_Input data_
-------

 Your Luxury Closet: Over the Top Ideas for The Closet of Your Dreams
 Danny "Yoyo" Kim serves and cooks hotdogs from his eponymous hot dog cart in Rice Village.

-------

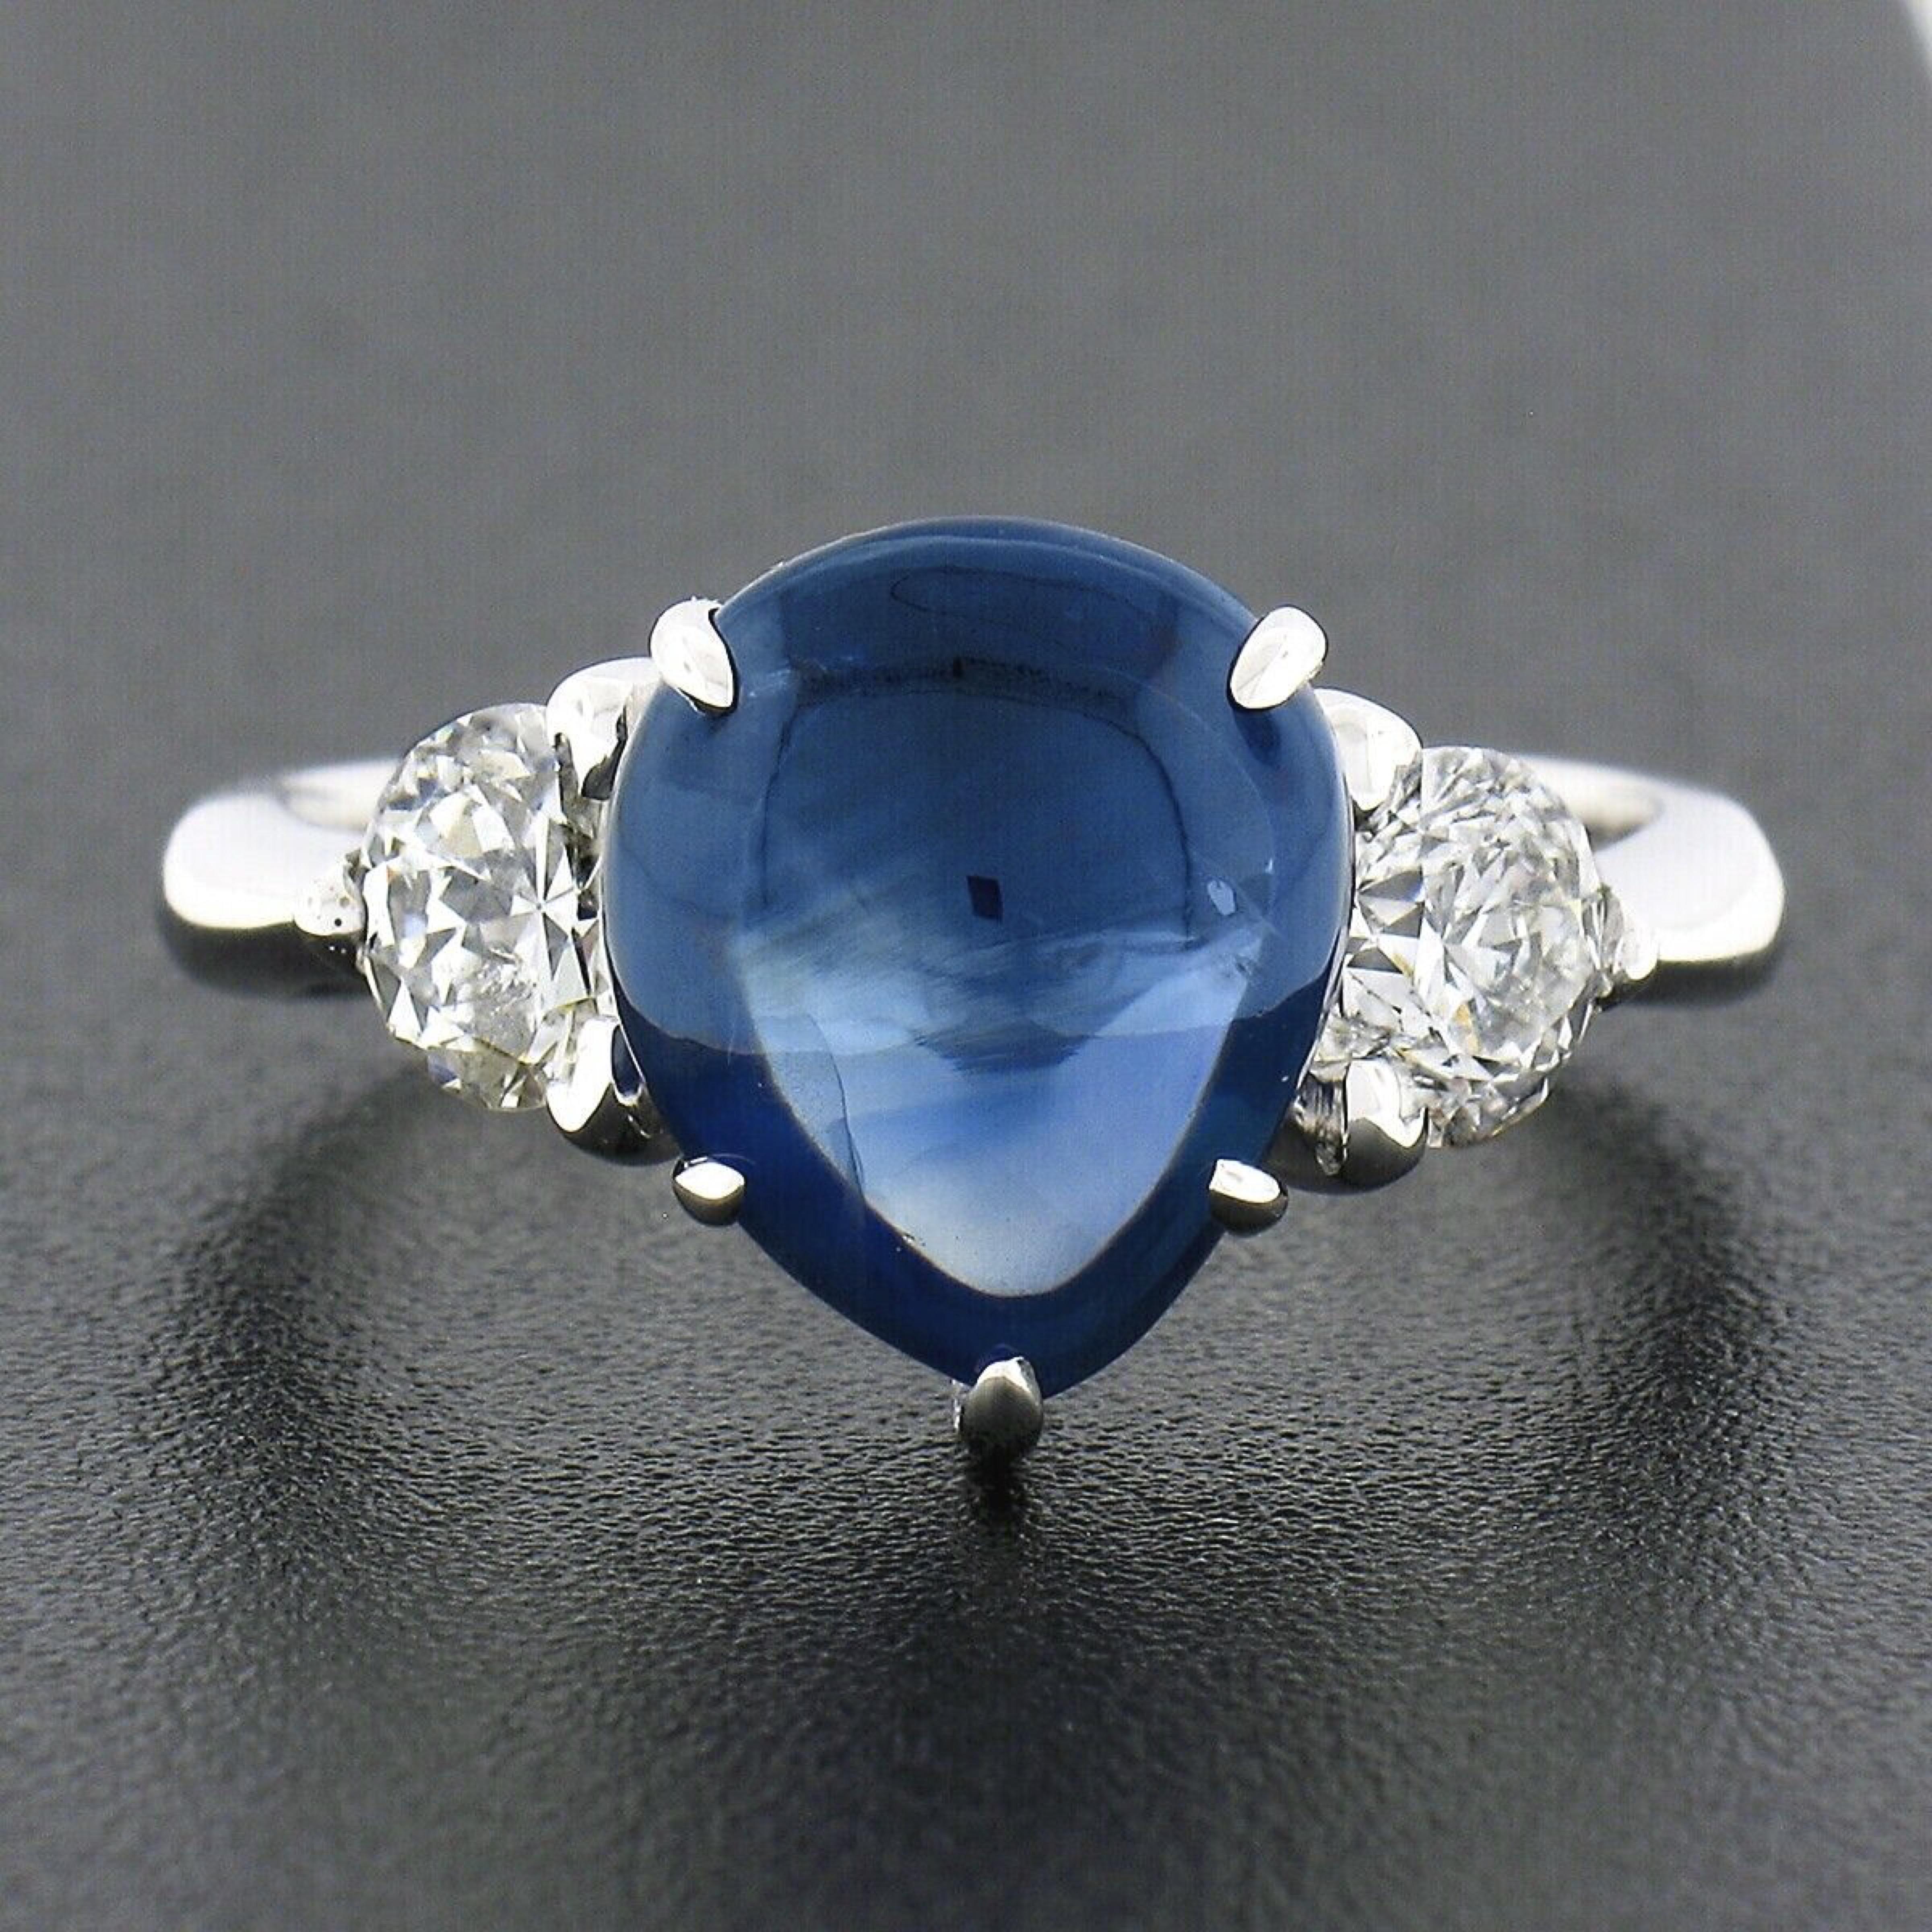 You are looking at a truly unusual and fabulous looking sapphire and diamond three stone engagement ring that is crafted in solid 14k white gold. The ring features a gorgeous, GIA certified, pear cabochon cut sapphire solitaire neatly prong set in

-------

_Problem to work on_
From the data above, reproduce word for word the lines running from the line with "Your Luxury Closet: Over" to the line with "in Rice Village.", ends included.

_Exercise solution_
 Your Luxury Closet: Over the Top Ideas for The Closet of Your Dreams
 Danny "Yoyo" Kim serves and cooks hotdogs from his eponymous hot dog cart in Rice Village.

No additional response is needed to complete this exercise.